Puzzle solving is a big part of gameplay. You’ll spend a good deal of time figuring out how to unlock the door to the next level. Each area’s puzzles are well thought out and challenging almost to a fault: I was left scratching my head many times without a clue on how to figure out what to do only to resort to forums to find the answer. Killing enemies is just as important as puzzle solving. Some enemies block paths to vital keys and chests. On top of that, some puzzles require you to withstand an onslaught of enemies in order to progress. This is a good place to talk about the games incredible difficulty. Make no mistake; you’ll be reloading your last save countless times as one wrong move can spell doom for your entire party. Trial and error is sometimes the best way to figure out what exactly needs to be done. Cheap deaths and the grueling difficulty can be killer and will steer many away (even on the lower difficulty setting). I recommend saving often to avoid a frustrating reload later. However, the constant loading of past saves gets to be very bothersome as you’ll frequently pause the action to save the game, breaking up a lot of the tension. Also there isn’t much in terms of post-game replay value other than running through the game again with a fresh set of heroes. There is an option to play additional dungeons, but at the time of release these are not available. On the whole, Legend of Grimrock nails the look and feel of older RPGs that it was going for, and subsequently retains the challenge most of these games presented.

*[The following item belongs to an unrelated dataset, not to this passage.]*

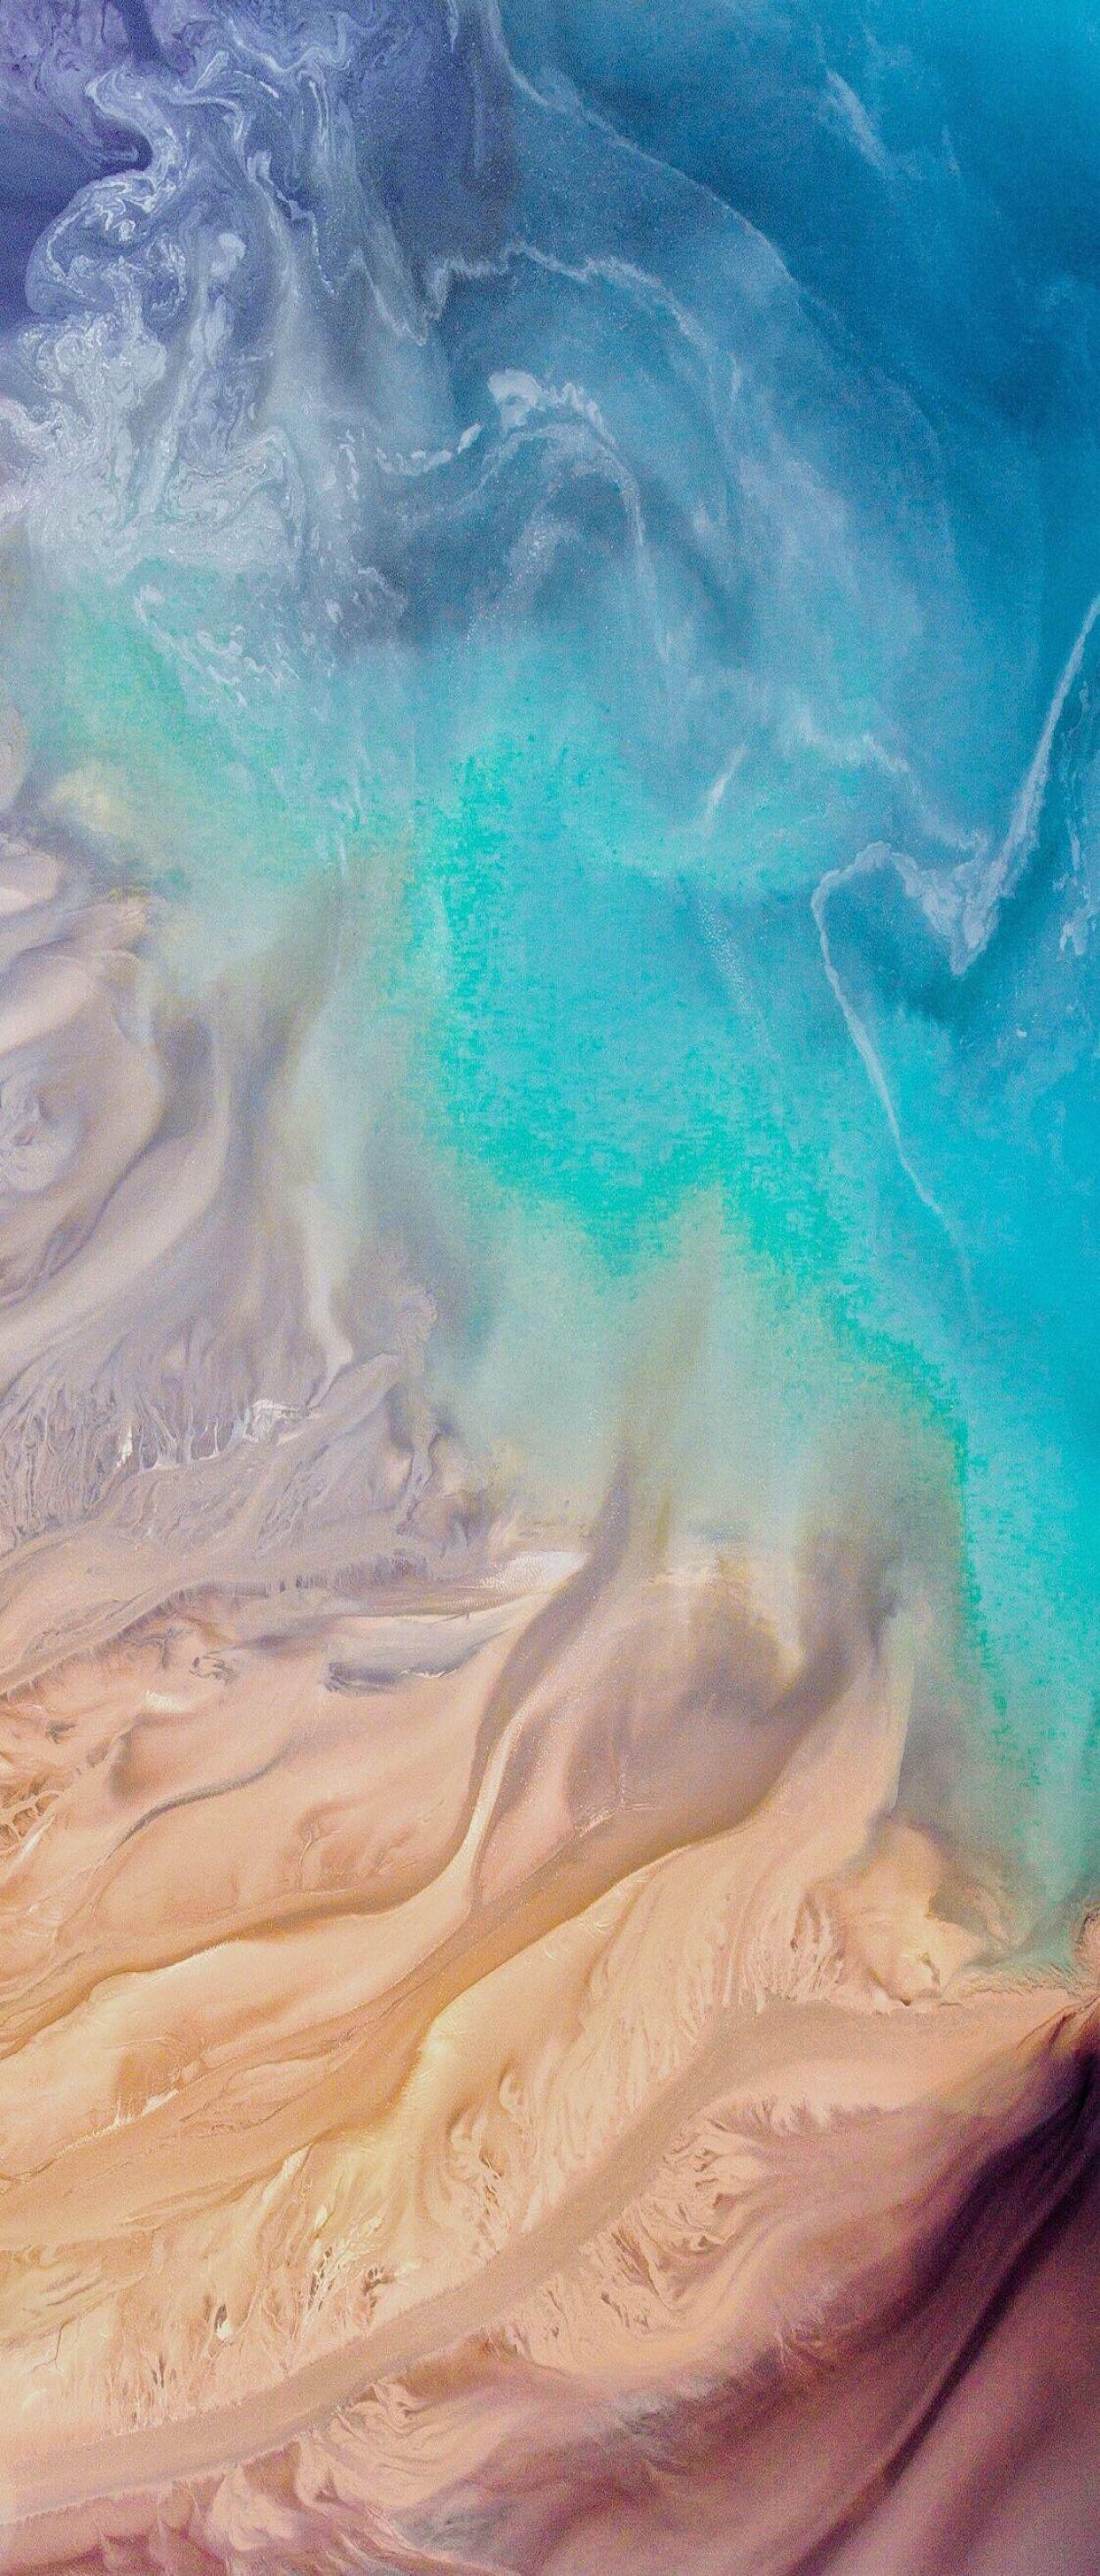 iOS iPhone X, Aqua, blue, Water, beach, wave, ocean, apple

Movement in the game will take some getting used to. The W, A, S, and D keys move your character forward, left, backward, and right respectively, with the Q and E keys turning them 90 degrees. I had to play around in the game’s starter level a few minutes to get the hang of everything. Attacking is done strangely as well. In the lower right corner of the screen is your characters’ portraits as well as what they’re holding in each hand, and you have to right-click on a weapon to use it. Whether it’s casting spells or swinging a sword, you have to right click on the item. There were plenty of times I accidently left-clicked on an item and removed it from the character’s hand instead of attacking, leading to yet another reload. The non-intuitive nature of the controls makes an already hard game even harder but for the wrong reasons.


Bottom Line

Legend of Grimrock tries to recreate to classic RPG and succeeds. The retro gameplay is an ironic breath of fresh air for the genre. A high challenge and rewarding leveling system makes each enemy kill worthwhile and addictive. Solving puzzles is just as satisfying as slaying ogres, but sometimes the difficulty can get the better of you with a particularly hard puzzle of fight. Overall Legend of Grimrock is an entertaining treat for classic gamers and RPG fanatics that dares to do something new (or rather, old) with the genre.

8 / 10

  1. Okay, how many of you thought this was a Skyrim mod?

    *Raises hand…*

  2. Once I learned what this game was, I became very interested. Having to resort to outside means (graph paper maps) to survive in a video game is a cool concept in my mind.